WBS prediction: คุณ.ต้อง-ระวัง%มร(ปีน9เศษ7

As you might be able to see, the words predicted are generally correct, but there are non-word characters introduced between them as if they were stopword characters or punctuation. Is there any workaround for this? I understand that wbs was likely designed with latin languages with natural gaps between words in mind, but is there a way to not force the introduction of nonword characters as punctuation for other languages?

githubharald commented 3 years ago

yes, that's by design. When a word is finished, there must be a non-word-character. I don't see a quick work-around for that.

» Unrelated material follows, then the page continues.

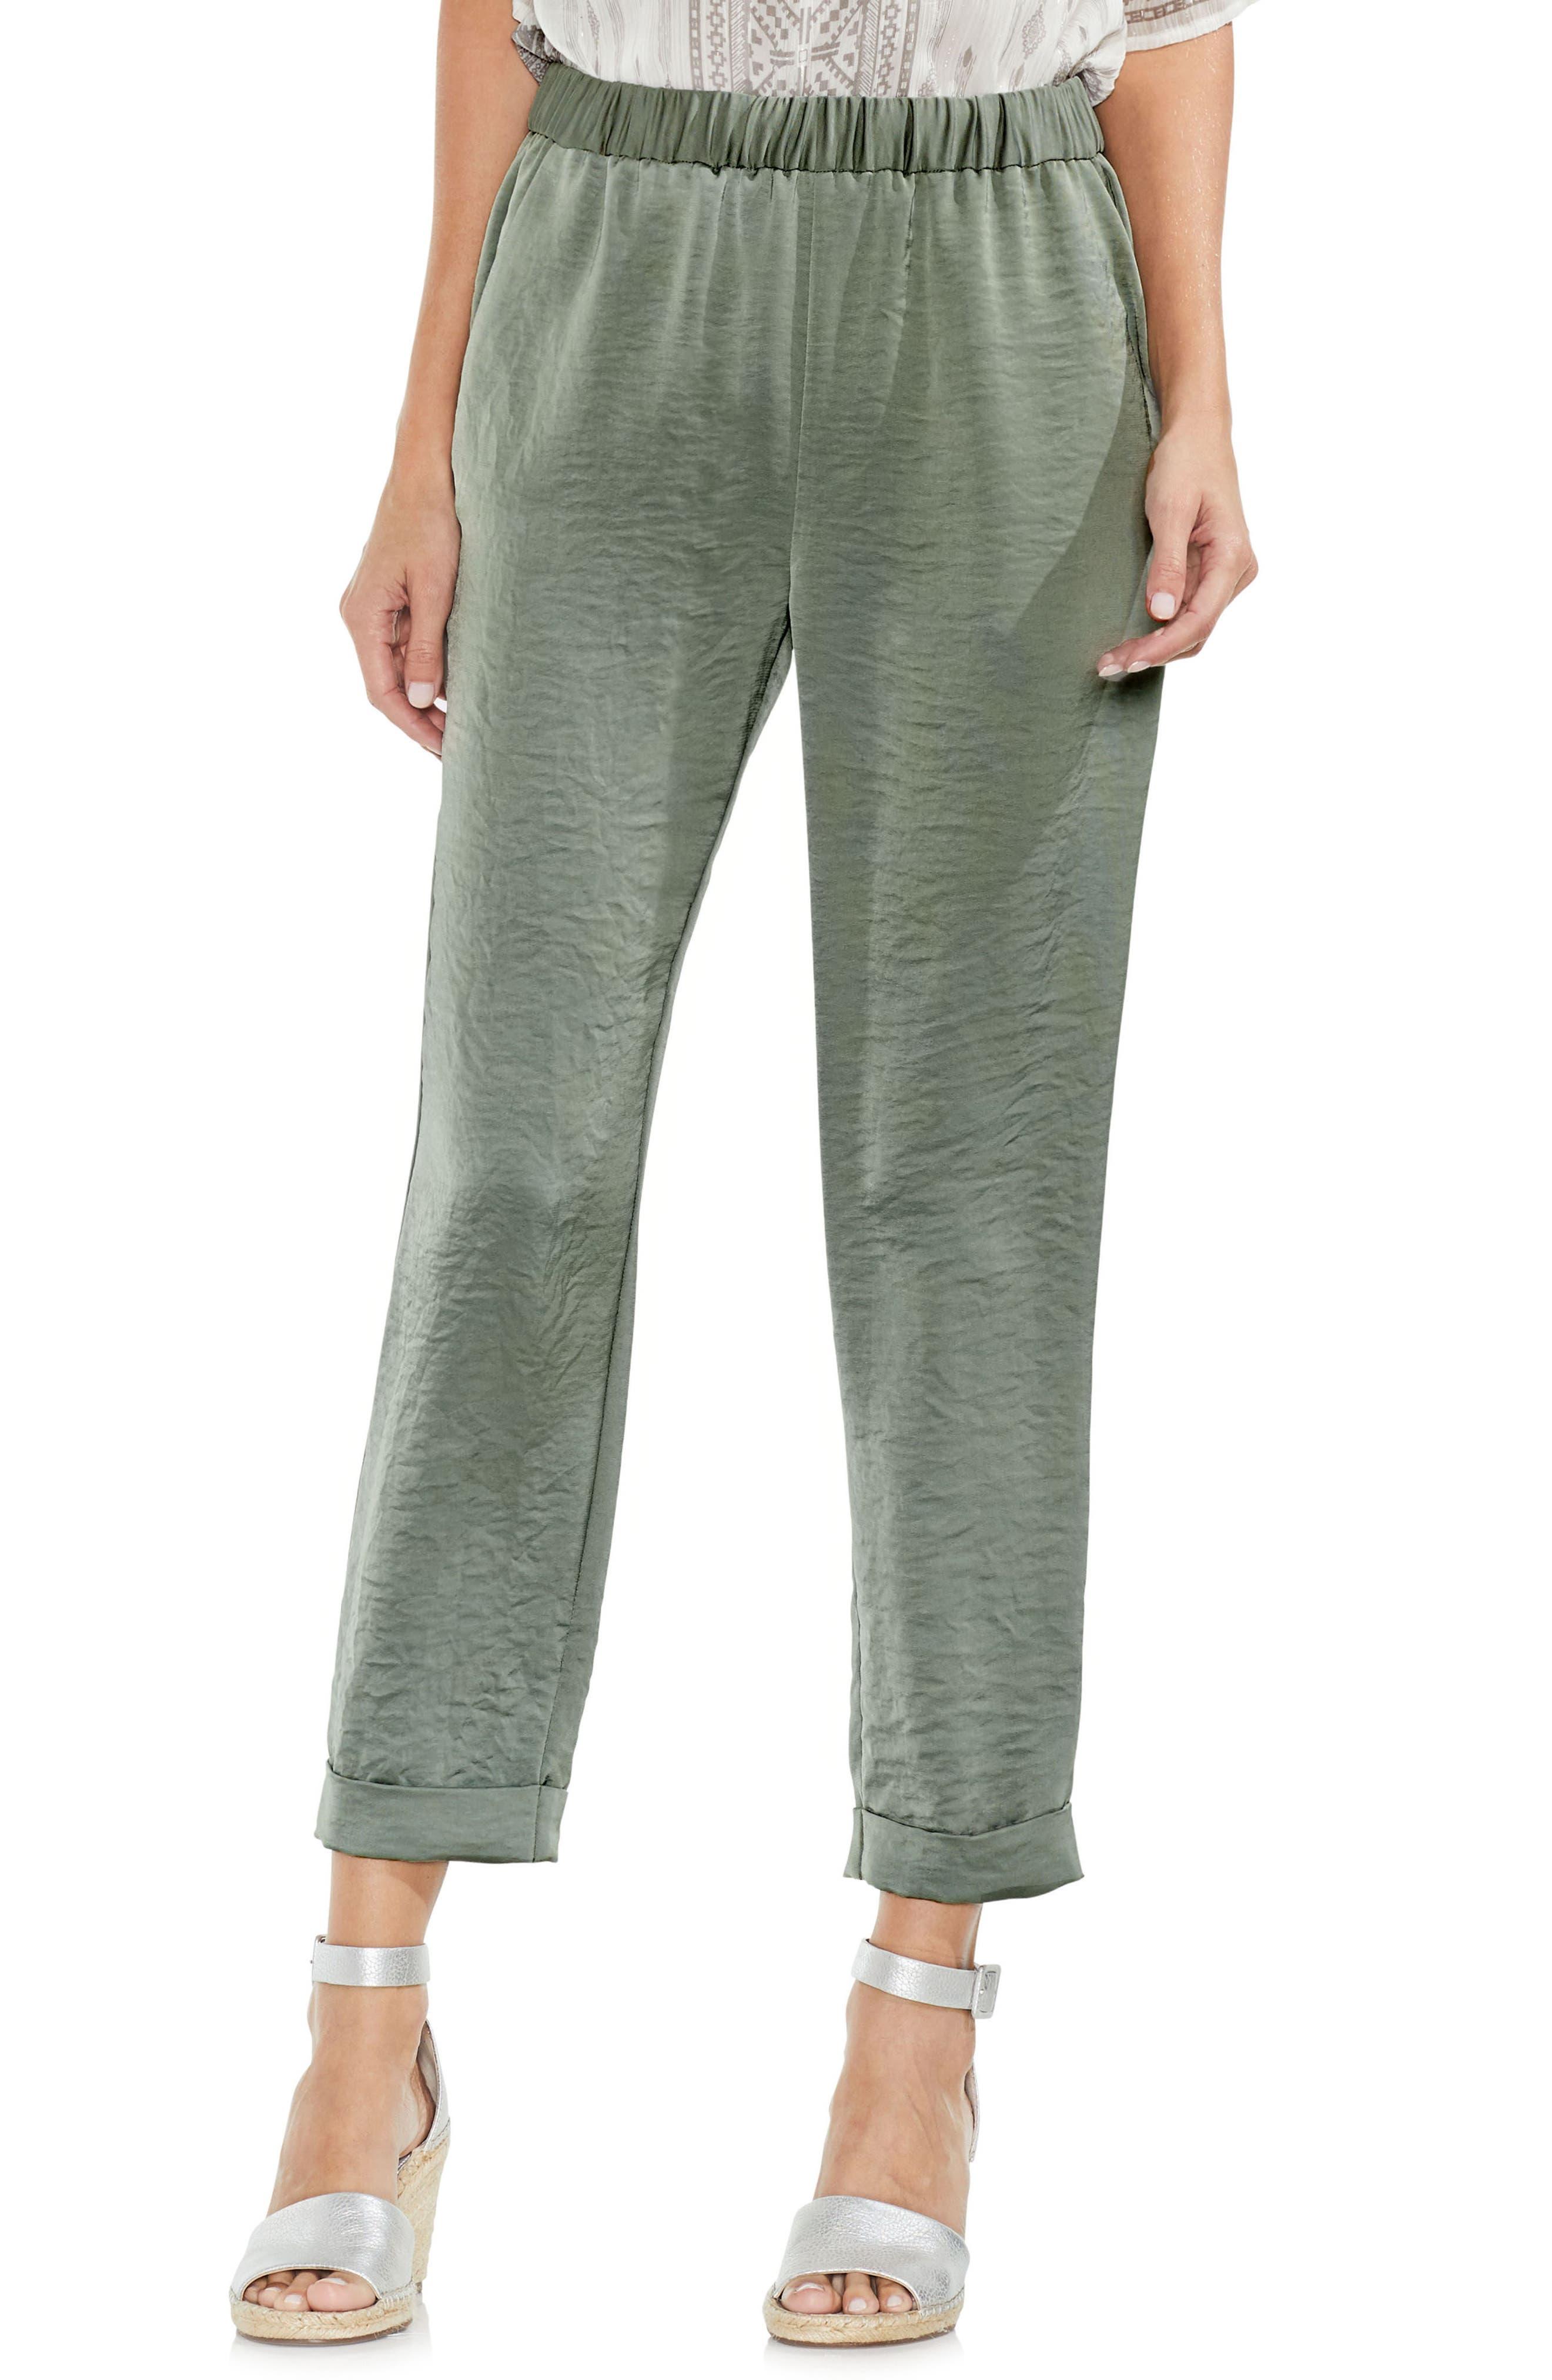 Hammered Satin Crop Jogger Pants,                         Main,                         color, Camo Green

If a word is finished, it can either be extended by a non-word-char, or by a character to get to an even longer word. E.g. "hell" is a finished word and could be extended to "hell " or "hello". You would have to allow for even more chars in the case of a finished word - namely starting with a completely new one as soon as the old one is finished.

Are you working with the C++ or Python implementation of WBS?

thetruejacob commented 3 years ago

I'm using the Python implementation - the default used in this repo.

thetruejacob commented 3 years ago

Is there a way to designate a special non-word character to segment words? Such a character should not be available anywhere else in the corpus and so can be easily removed during post-processing. And then the entire dataset will have to be relabeled to insert it at every word boundary - but is there a better, cheaper way?

githubharald commented 3 years ago

I'm using the Python implementation - the default used in this repo.

ok, so you're using the Python interface of the C++ implementation.

Is there a way to designate a special non-word character to segment words? Such a character should not be available anywhere else in the corpus and so can be easily removed during post-processing. And then the entire dataset will have to be relabeled to insert it at every word boundary - but is there a better, cheaper way?

yes, that would be a hack that might work. But I would rather try to change the code so that it provides the behavior you need. You would have to change the C++ code in this function, which does exactly what I wrote yesterday, it provides the next possible characters, given the last word that is iteratively created. https://github.com/githubharald/CTCWordBeamSearch/blob/master/cpp/LanguageModel.cpp#L199

There you would have to add the case when the currently created word is a word from the dictionary - then you would have to also output all characters that are the starting characters of new words.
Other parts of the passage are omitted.